BELLE
BELLE copied to clipboard
RuntimeError: a leaf Variable that requires grad is being used in an in-place operation.
BUG
I got the below error message when I try to train BELLE-EXT-13B. I changed the backend from nccl to gloo.
Traceback (most recent call last):
File "/gpfs/home/user/code_SFT/../code_BELLE/train/src/train.py", line 398, in <module>
main()
File "/gpfs/home/user/code_SFT/../code_BELLE/train/src/train.py", line 390, in main
trainer.train(resume_from_checkpoint=None)
File "/home/user/.conda/envs/belle/lib/python3.11/site-packages/transformers/trainer.py", line 1664, in train
return inner_training_loop(
File "/home/user/.conda/envs/belle/lib/python3.11/site-packages/transformers/trainer.py", line 1741, in _inner_training_loop
deepspeed_engine, optimizer, lr_scheduler = deepspeed_init(
File "/home/user/.conda/envs/belle/lib/python3.11/site-packages/transformers/deepspeed.py", line 378, in deepspeed_init
deepspeed_engine, optimizer, _, lr_scheduler = deepspeed.initialize(**kwargs)

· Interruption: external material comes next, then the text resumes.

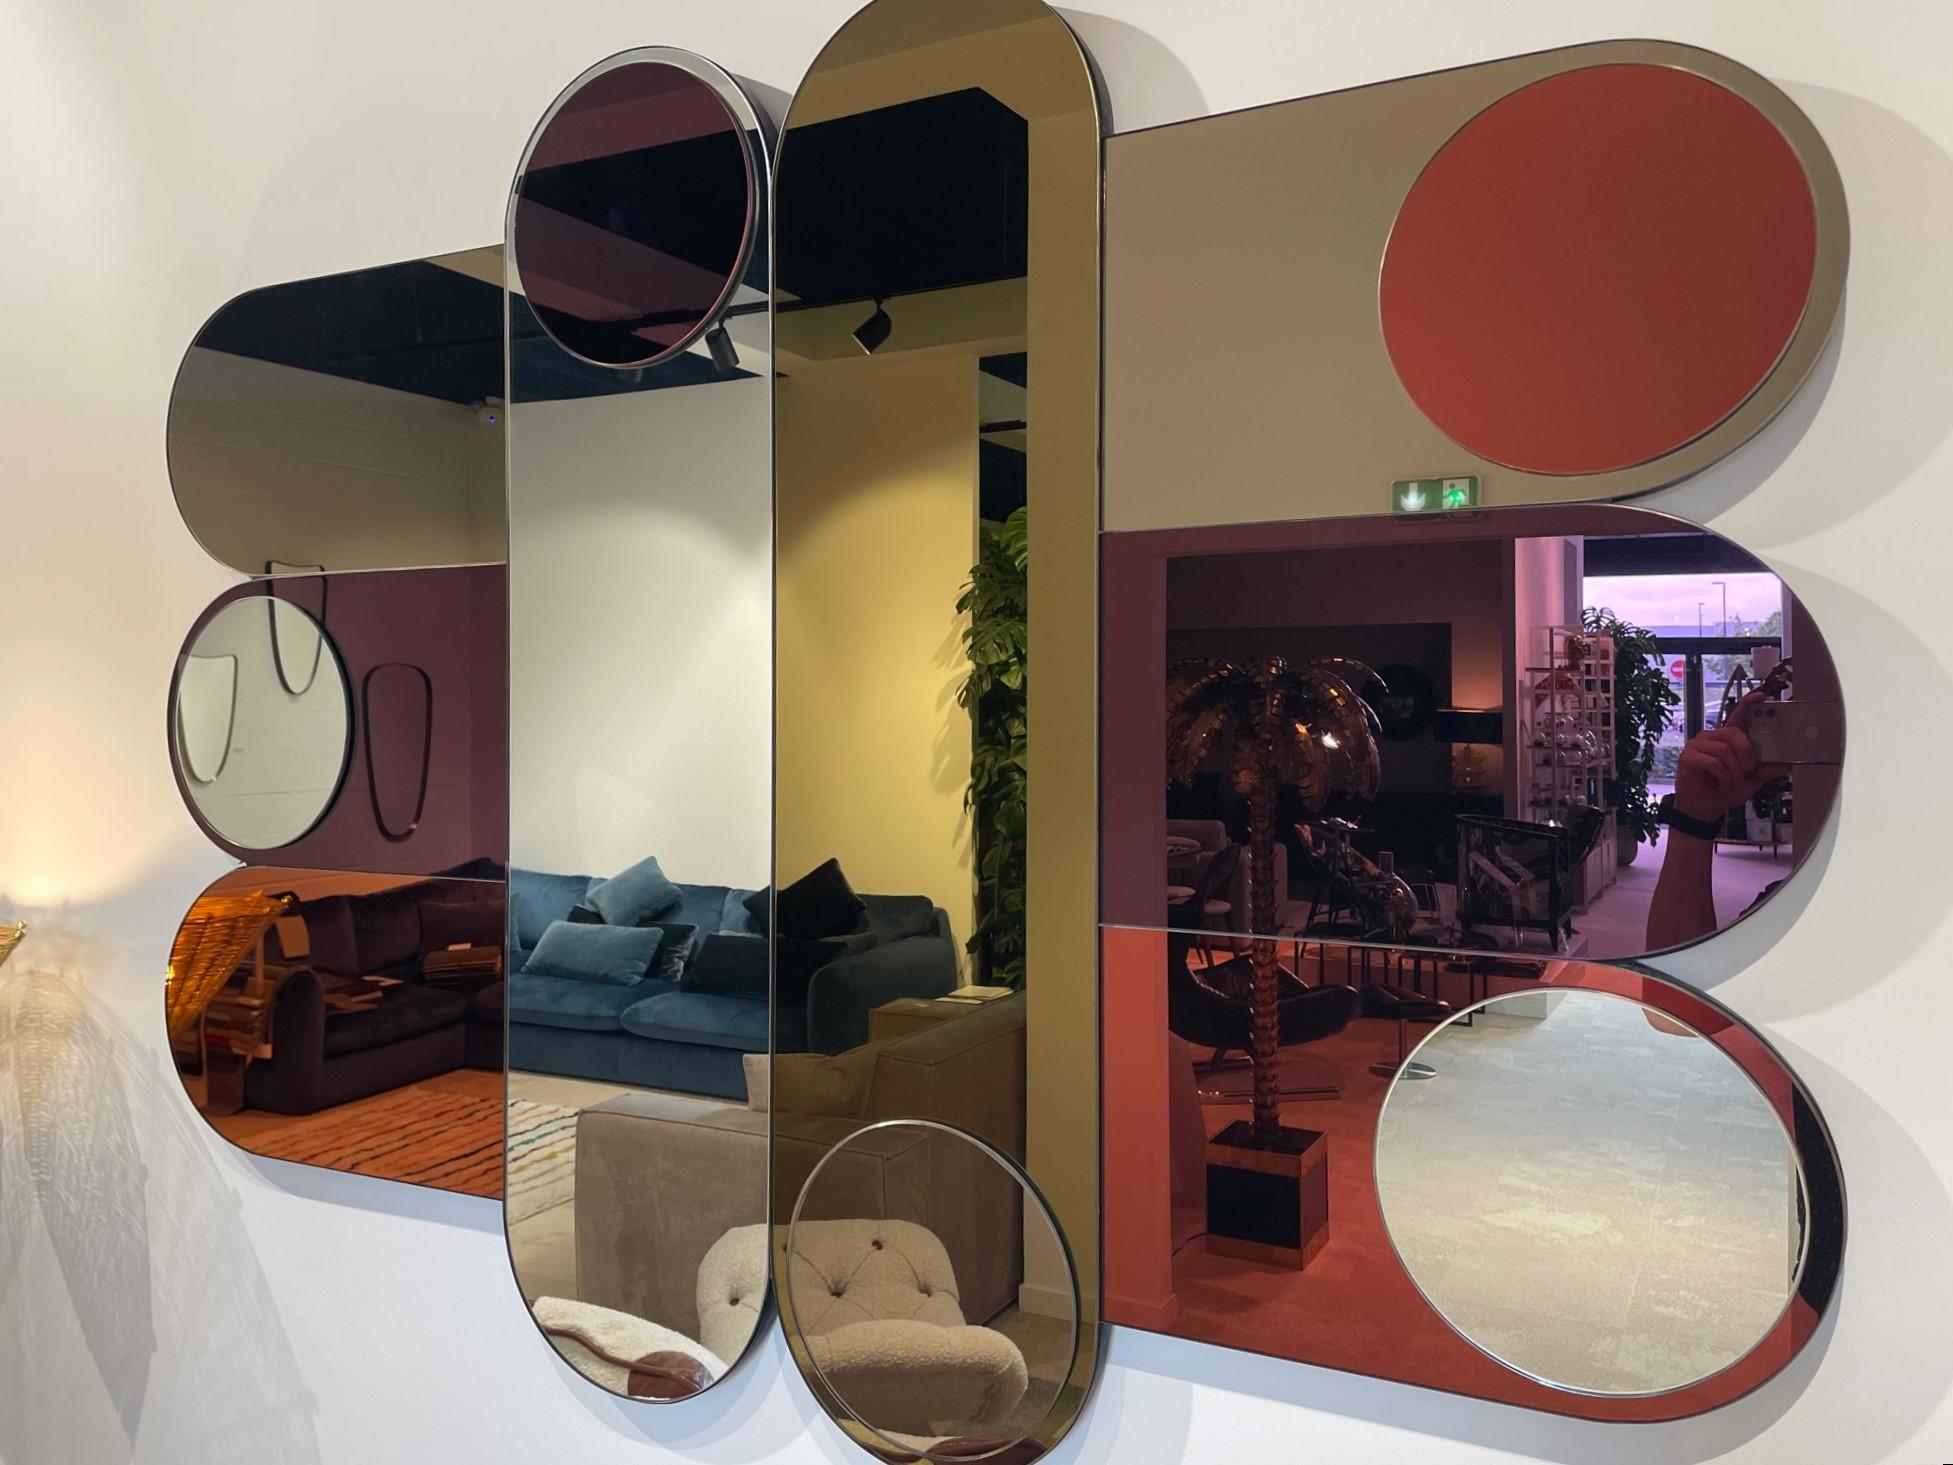 1960s 1970s Italian Design Style Large Colored Graphic Mirror composed of an curved and round structure adorned with several mirrors in different colors like purple, pink, orange, silver and gold. The built-in fasteners are designed so that you can

File "/home/user/.conda/envs/belle/lib/python3.11/site-packages/deepspeed/__init__.py", line 165, in initialize
engine = DeepSpeedEngine(args=args,
File "/home/user/.conda/envs/belle/lib/python3.11/site-packages/deepspeed/runtime/engine.py", line 266, in __init__
self._configure_distributed_model(model)
File "/home/user/.conda/envs/belle/lib/python3.11/site-packages/deepspeed/runtime/engine.py", line 1073, in _configure_distributed_model
self._broadcast_model()
File "/home/user/.conda/envs/belle/lib/python3.11/site-packages/deepspeed/runtime/engine.py", line 1003, in _broadcast_model
dist.broadcast(p, groups._get_broadcast_src_rank(), group=self.data_parallel_group)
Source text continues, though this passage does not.